------ Data extracts ------

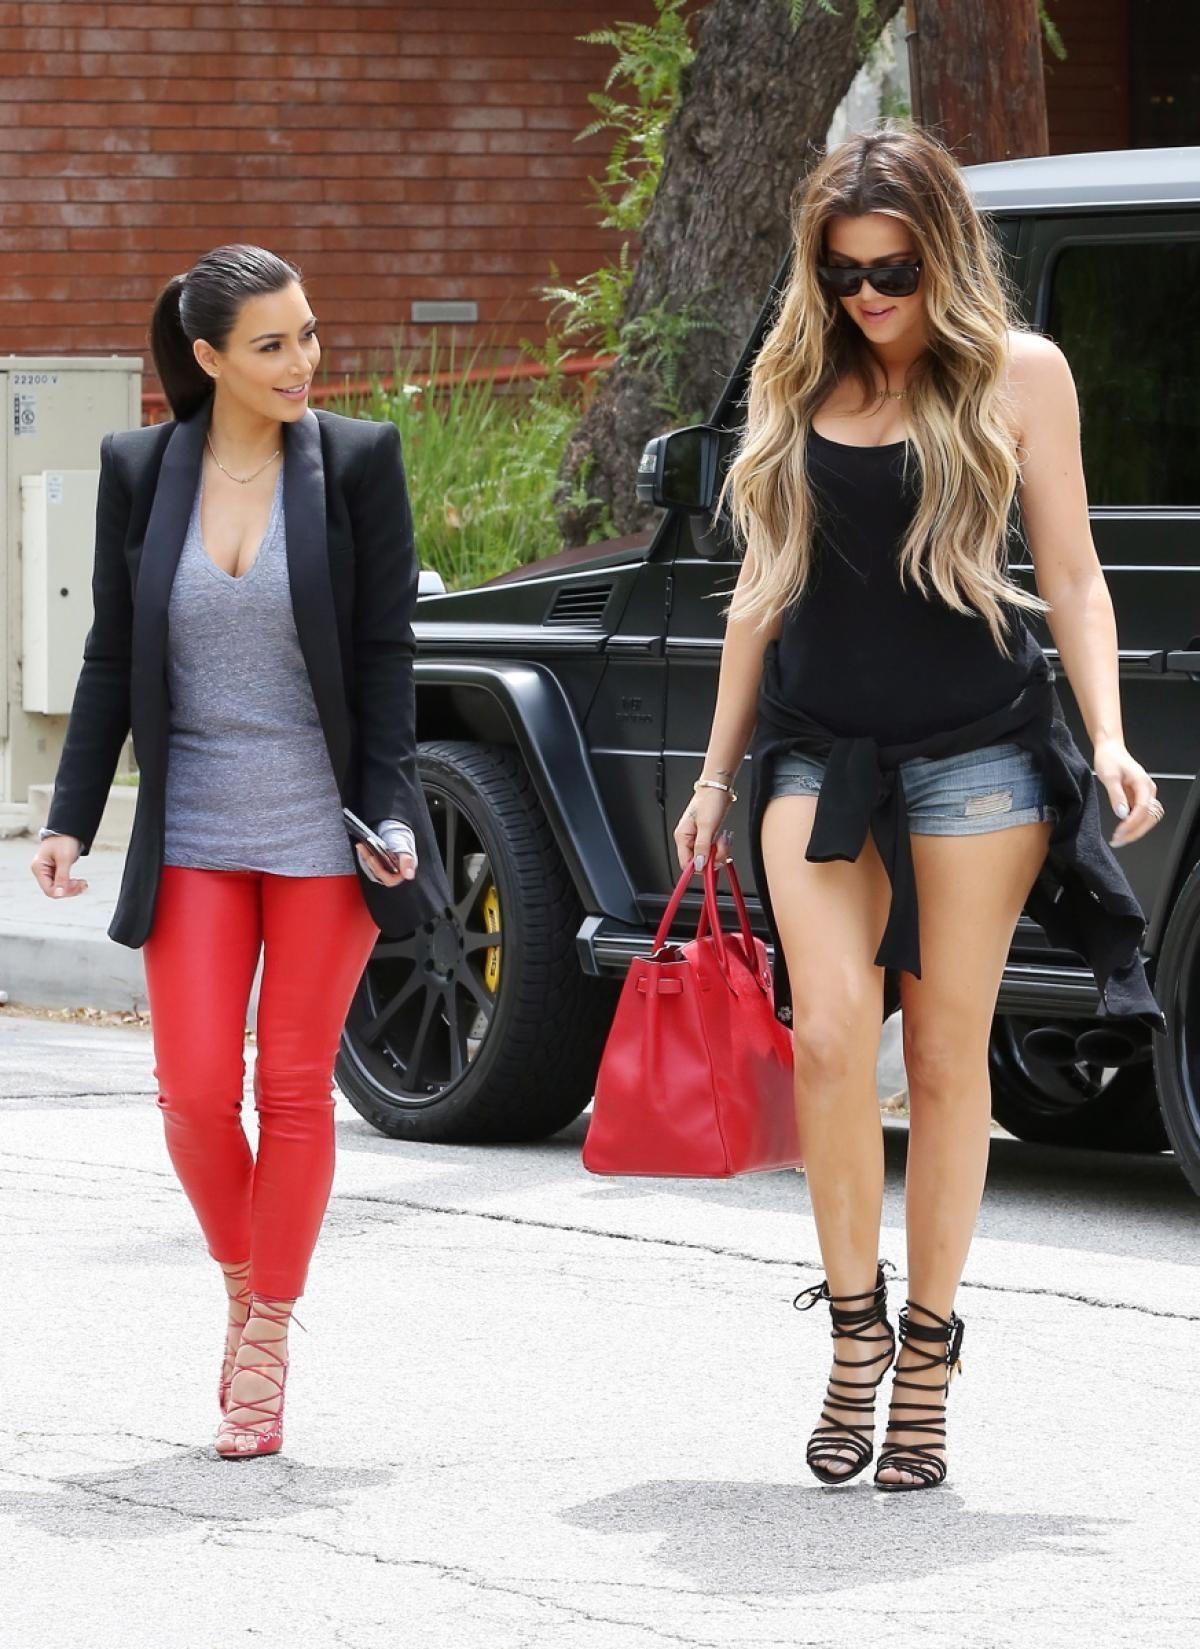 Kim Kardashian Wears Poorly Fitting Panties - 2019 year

------
------ Data extracts ------

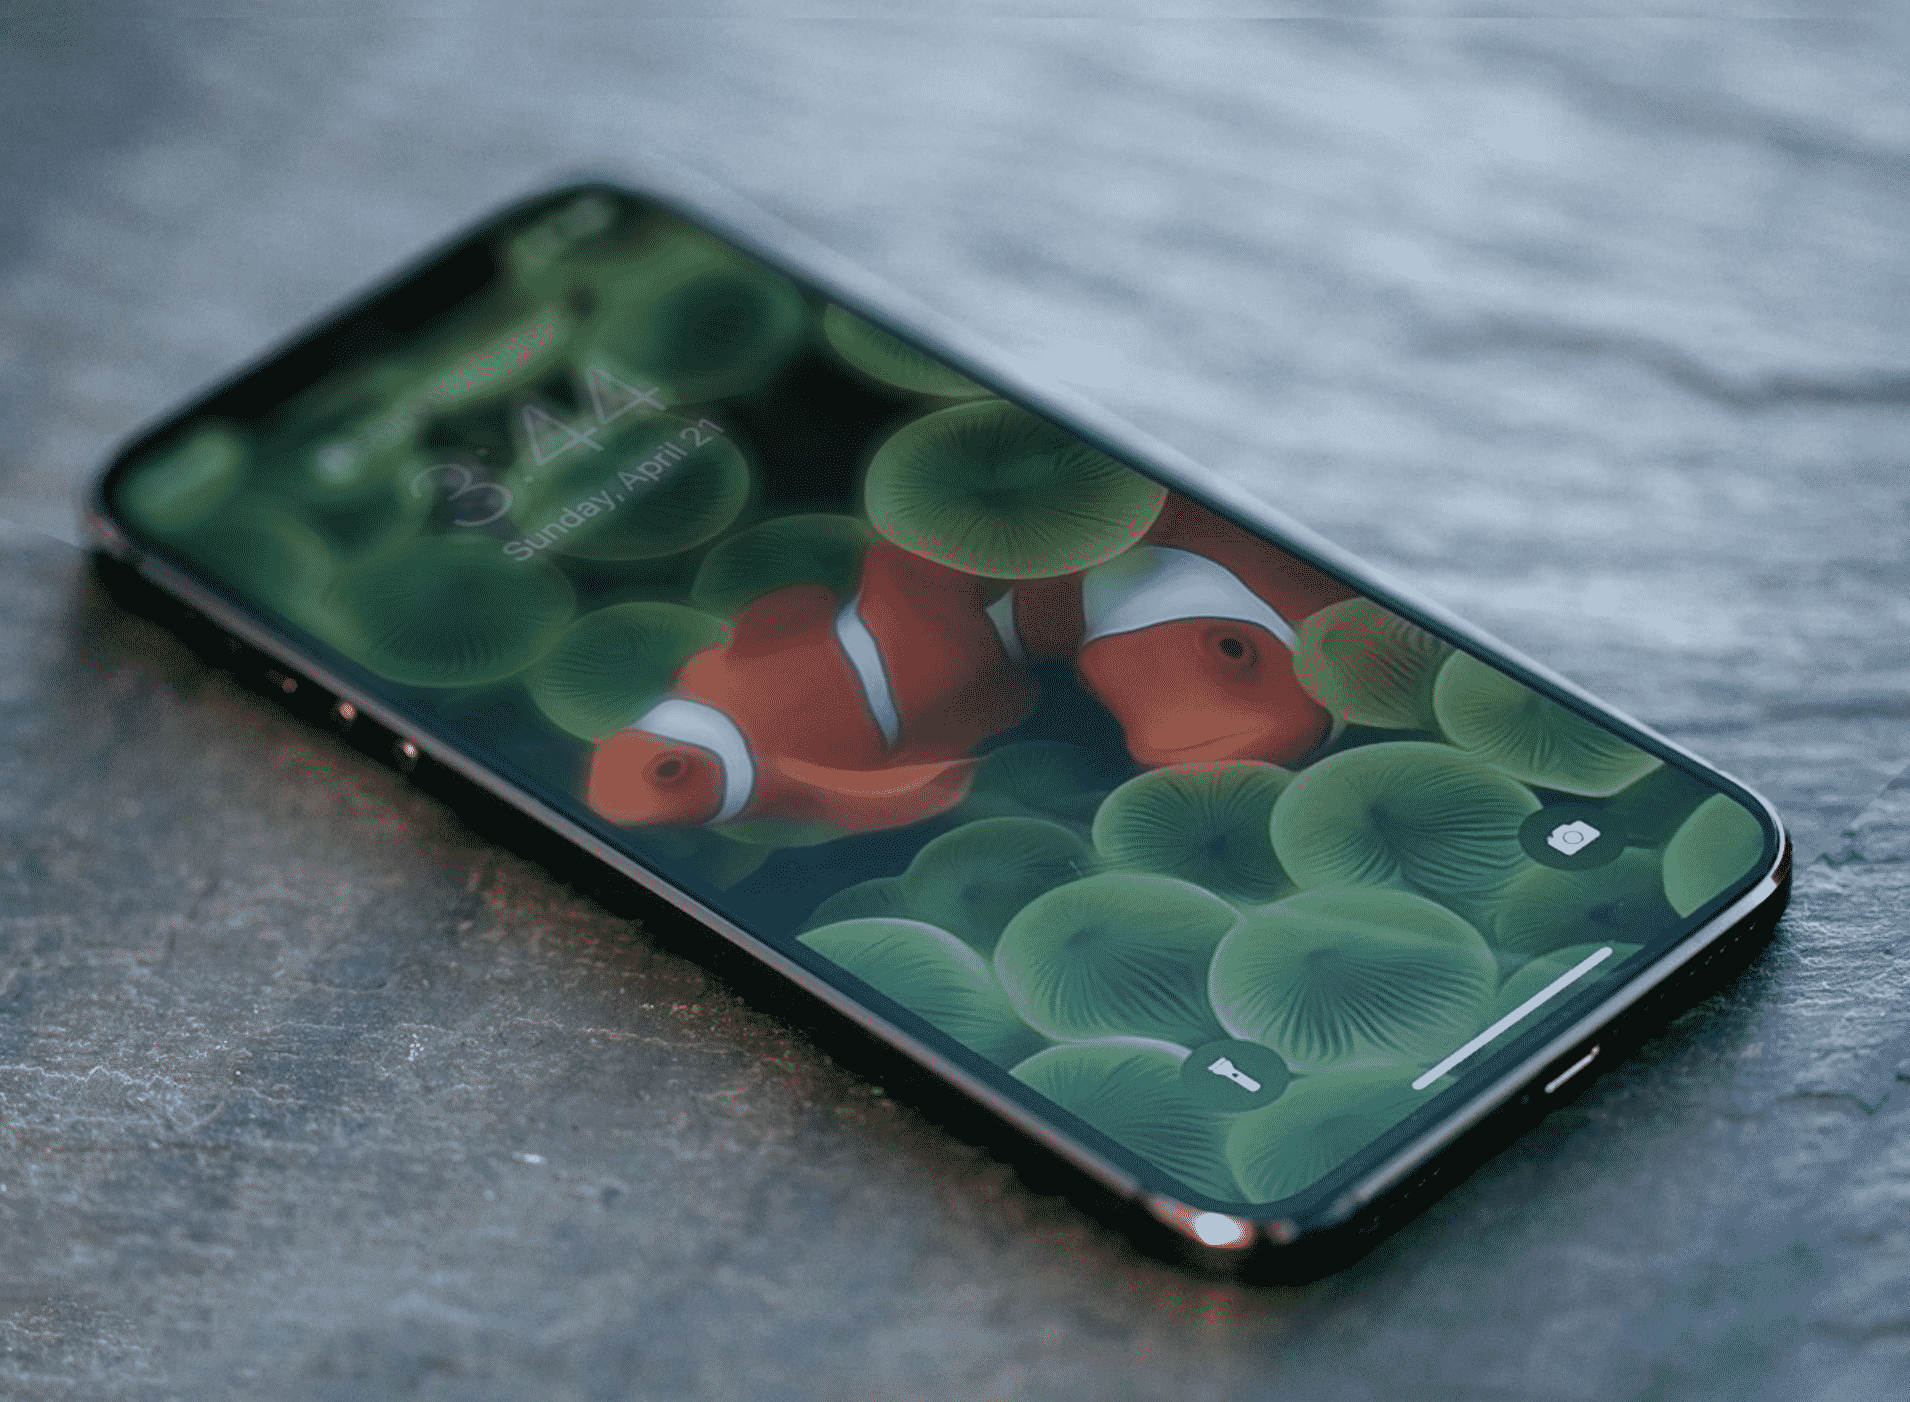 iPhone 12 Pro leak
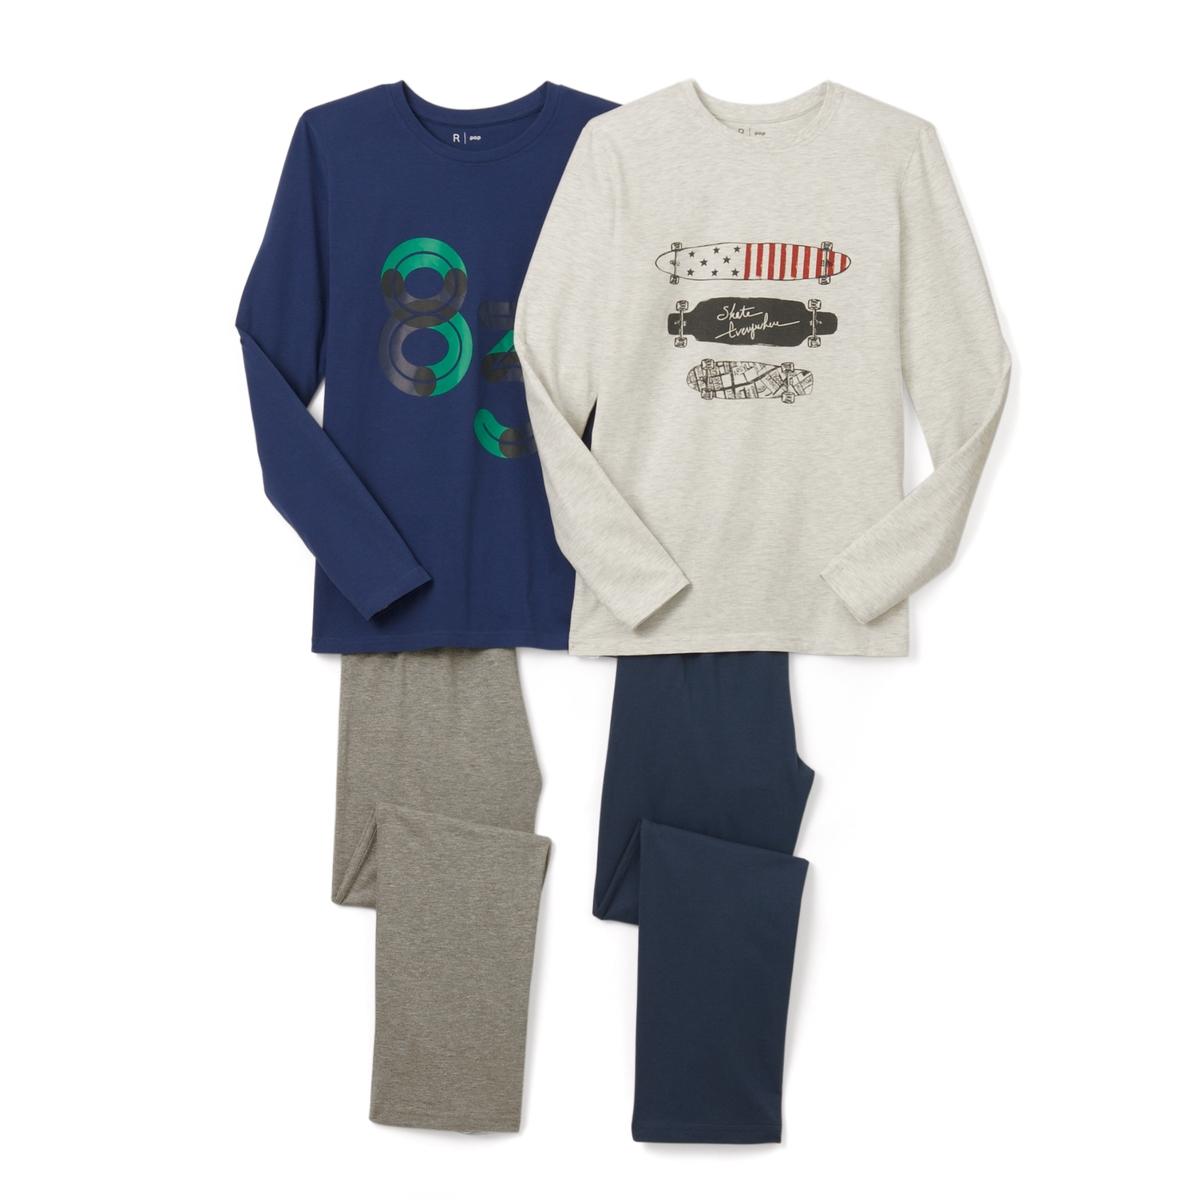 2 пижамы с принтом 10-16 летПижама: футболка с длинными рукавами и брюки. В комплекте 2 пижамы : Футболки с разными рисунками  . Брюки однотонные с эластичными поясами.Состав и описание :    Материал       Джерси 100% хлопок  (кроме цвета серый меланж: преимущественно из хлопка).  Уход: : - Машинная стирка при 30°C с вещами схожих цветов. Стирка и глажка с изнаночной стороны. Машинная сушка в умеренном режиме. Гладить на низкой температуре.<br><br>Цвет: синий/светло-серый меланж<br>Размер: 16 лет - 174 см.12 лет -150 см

------

**Exercise aim**
Your copy should hold the lines from the one with "iPhone 12 Pro leak" up to and including the one with "2 пижамы с принтом", exactly as in the data above, and no pictures.

**Task solution**
 iPhone 12 Pro leak
 2 пижамы с принтом 10-16 летПижама: футболка с длинными рукавами и брюки. В комплекте 2 пижамы : Футболки с разными рисунками  . Брюки однотонные с эластичными поясами.Состав и описание :    Материал       Джерси 100% хлопок  (кроме цвета серый меланж: преимущественно из хлопка).  Уход: : - Машинная стирка при 30°C с вещами схожих цветов. Стирка и глажка с изнаночной стороны. Машинная сушка в умеренном режиме. Гладить на низкой температуре.<br><br>Цвет: синий/светло-серый меланж<br>Размер: 16 лет - 174 см.12 лет -150 см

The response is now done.